SC CTSI-funded review finds stigma and stereotypes delay OCD treatment worldwide

Misconceptions about obsessive-compulsive disorder cause some people to forgo effective treatment, despite existing therapies that can dramatically reduce suffering.

By John Tibbetts — February 17, 2026

Popular ideas about obsessive-compulsive disorder (OCD) are often reduced to stereotypes, such as excessive handwashing or neatness. But this treatable condition can also involve unreported symptoms that include intrusive fears of harming others or unwanted sexual or religious thoughts. Stigma and misunderstanding lead some individuals to conceal these symptoms from their doctors and family. An international review reveals that these misconceptions about symptoms often delay or block access to proper OCD treatment.

“OCD is frequently diagnosed late or treated inadequately, although effective therapies are available,” said Adam Frank, MD, PhD, lead author and Assistant Professor of Clinical Psychiatry and the Behavioral Sciences at the Keck School of Medicine of USC. The scoping review of past research, which is a research method to map existing evidence before engaging in further review, was supported by the Southern California Clinical and Translational Science Institute (SC CTSI) and appeared in the Journal of Obsessive-Compulsive and Related Disorders.

SC CTSI-funded review finds stigma and stereotypes delay OCD treatment worldwide


“The delays in help are driven by a mix of stigma, a misunderstanding of symptoms, and gaps in health care systems that make specialized treatment hard to access,” Frank added.

The review originated during Frank’s participation in the three-year KL2 Mentored Career Development award, supported by SC CTSI. With the award, Frank and his team were able to protect research time and focus on designing, conducting and analyzing the clinical review. OCD affects about two percent of people over their lifetimes and can severely disrupt daily life – interfering with work, school and relationships. However, the authors note that evidence-based treatments can reduce symptoms.

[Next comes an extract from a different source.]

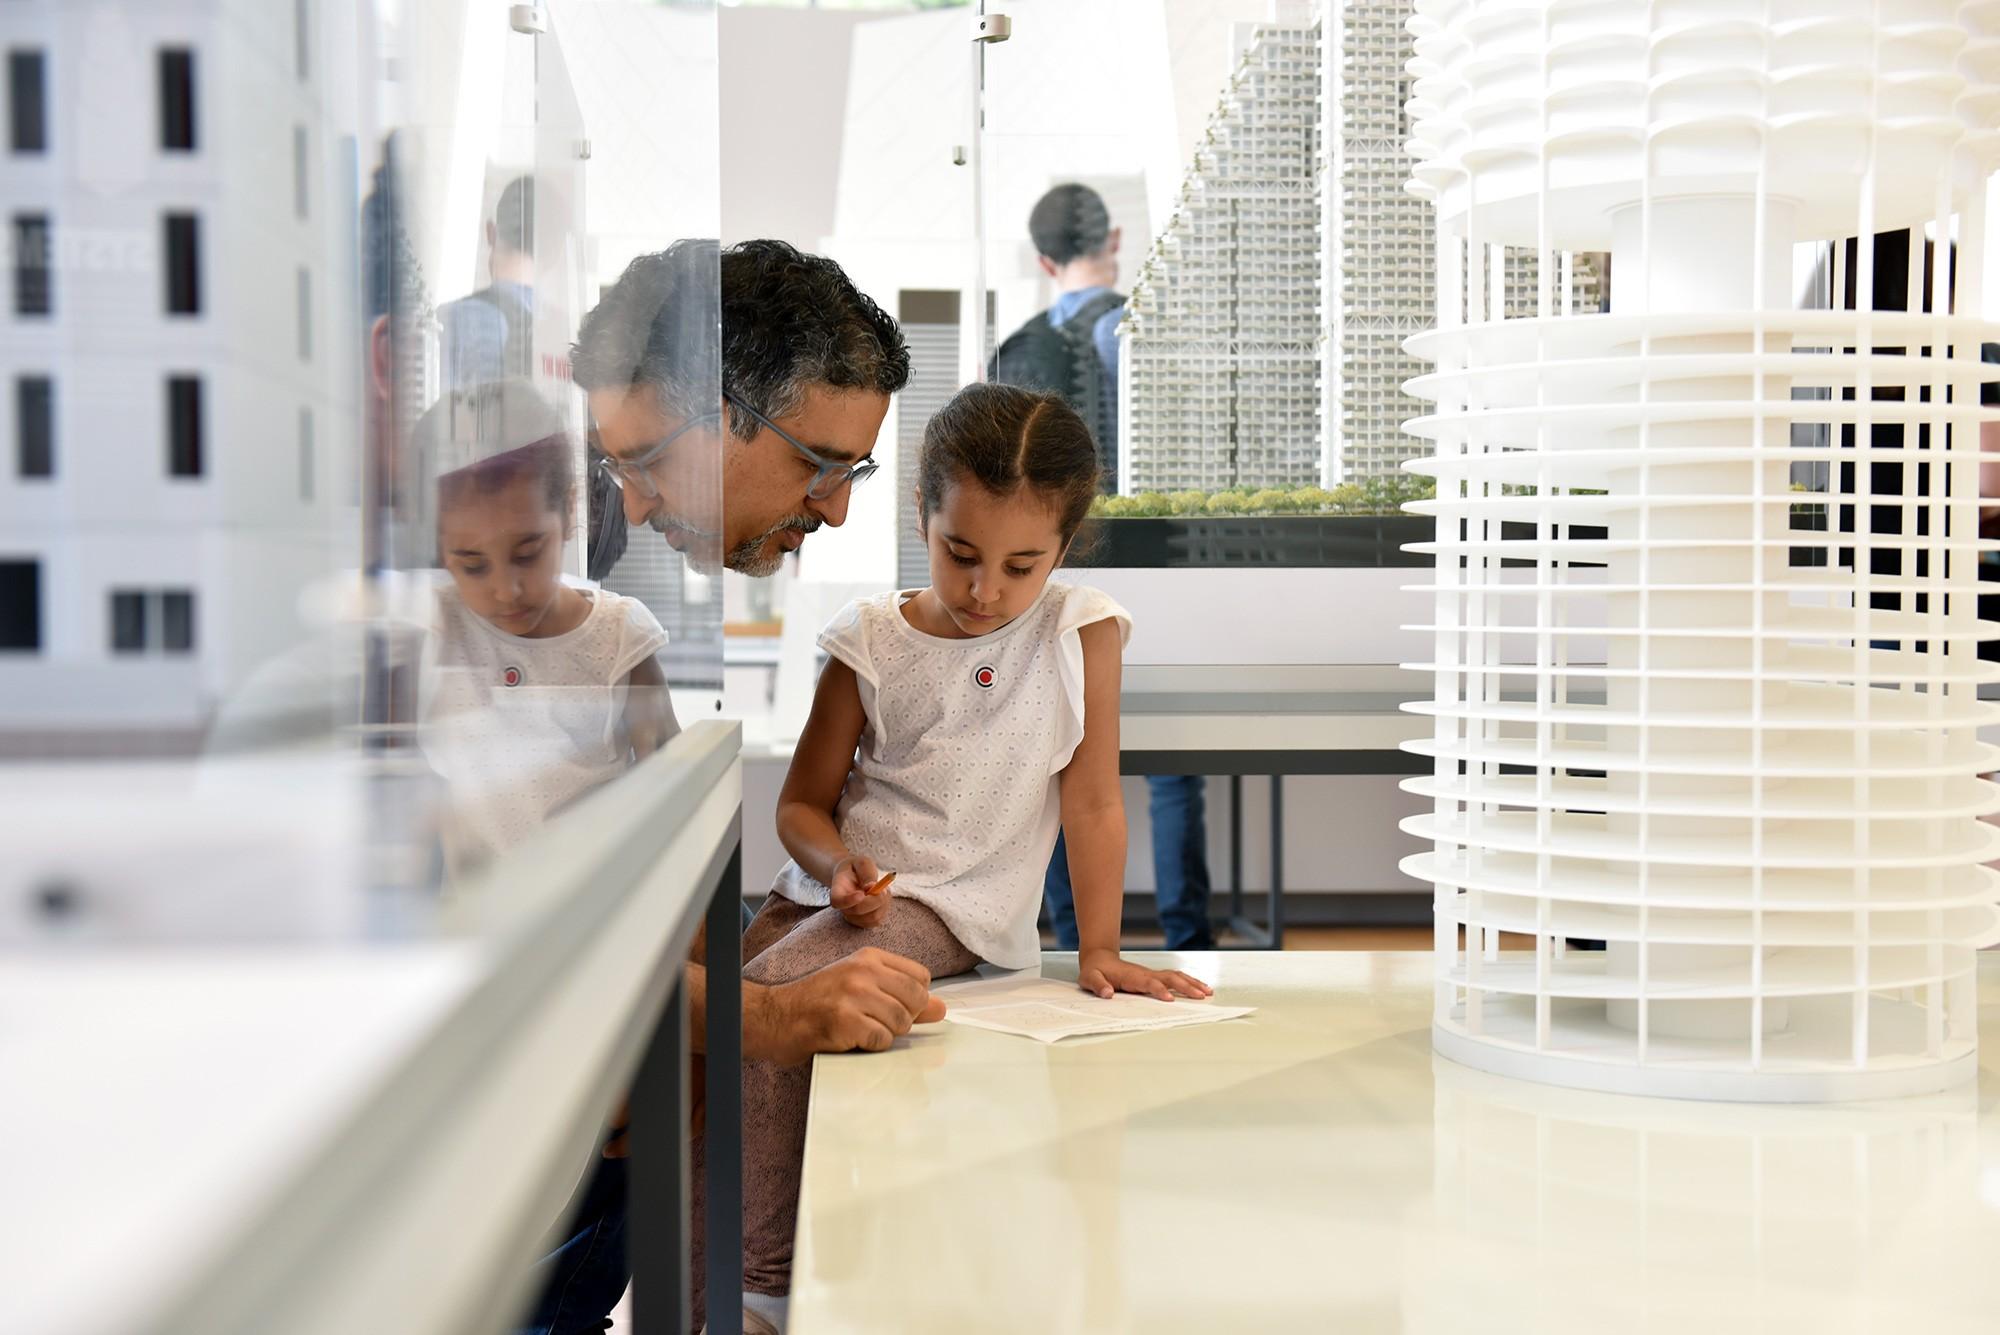 Family Build: Bridges · Programs & Events · Chicago Architecture

Examples of treatments include exposure and response prevention (ERP) therapy, which is often combined with medication. Together, these treatments have proven effective. ERP is a therapist-guided process that helps people confront thoughts and situations that bring on anxiety and obsessions. Over time, they “retrain” their thoughts to respond more calmly. The problem is that many people never receive ERP treatment or only receive it after years of suffering.

Another issue is that patients, families, and health care providers often fail to recognize potential OCD, particularly when symptoms don’t match common stereotypes. Intrusive fears about harming others, sexual thoughts or religious obsessions can be embarrassing for people to disclose.

“Individuals with OCD can have difficulty recognizing the difference between a thought and a real occurrence in the world,” said Frank. “They have thoughts that come up that they focus on, causing real distress.”

People with OCD may fear being judged if they talk about their symptoms or seek psychiatric care. They often don’t realize their symptoms are part of a treatable disorder or don’t know where to turn for help. Their families may also worry about stigma.

Family beliefs can impair or promote effective care. Loved ones often try to reduce the distress of OCD sufferers by helping them avoid situations they fear. But “accommodation” of fears can unintentionally reinforce OCD and make treatment less effective. When families are educated about ERP and aligned with treatment goals, they can instead become a critical source of support.

“A large factor in treatment outcomes for OCD is involvement by family,” Frank added.

The scoping review also addresses systemic issues in health care. Many ERP-trained therapists work in private practice and do not accept insurance, primarily because of low reimbursement rates. As a result, people who recognize they need help may not be able to afford it.

“There are often differences in coverage rates for mental health care versus physical health care,” said Frank. “Addressing that could go a long way towards improving access to and outcomes from treatment.”

Health systems should expand ERP training and availability and better prepare primary care providers, who are often the first point of contact.

“There needs to be more training for frontline clinicians to recognize the disorder and greater availability of evidence-based treatments,” Frank said.

Drawing on findings from countries around the world, the researchers identified global patterns, gaps and opportunities for improvement. The team screened about 4400 studies, reviewed the full text of 186 studies and ultimately extracted data from 51 studies.

“A scoping review like this allows you to look at different studies of different designs across a broad range of potential outcome measures and topics, and integrate them,” said Frank.

In addition to issues with identifying OCD and the stigma associated with it, structural barriers can also prevent treatment.

“Delays in people getting care are too long, as are delays in having that care be sufficiently helpful,” said Kaeo Wongbusarakum, B.S. The study’s first author is a 2024 graduate of USC and former research assistant in the Frank Lab at the Keck School of Medicine at USC. The importance of access to affordable care was a consistent theme of the review. This, combined with better awareness of OCD, less stigma, and stronger family support, could help people get treatment sooner and avoid years of unnecessary suffering.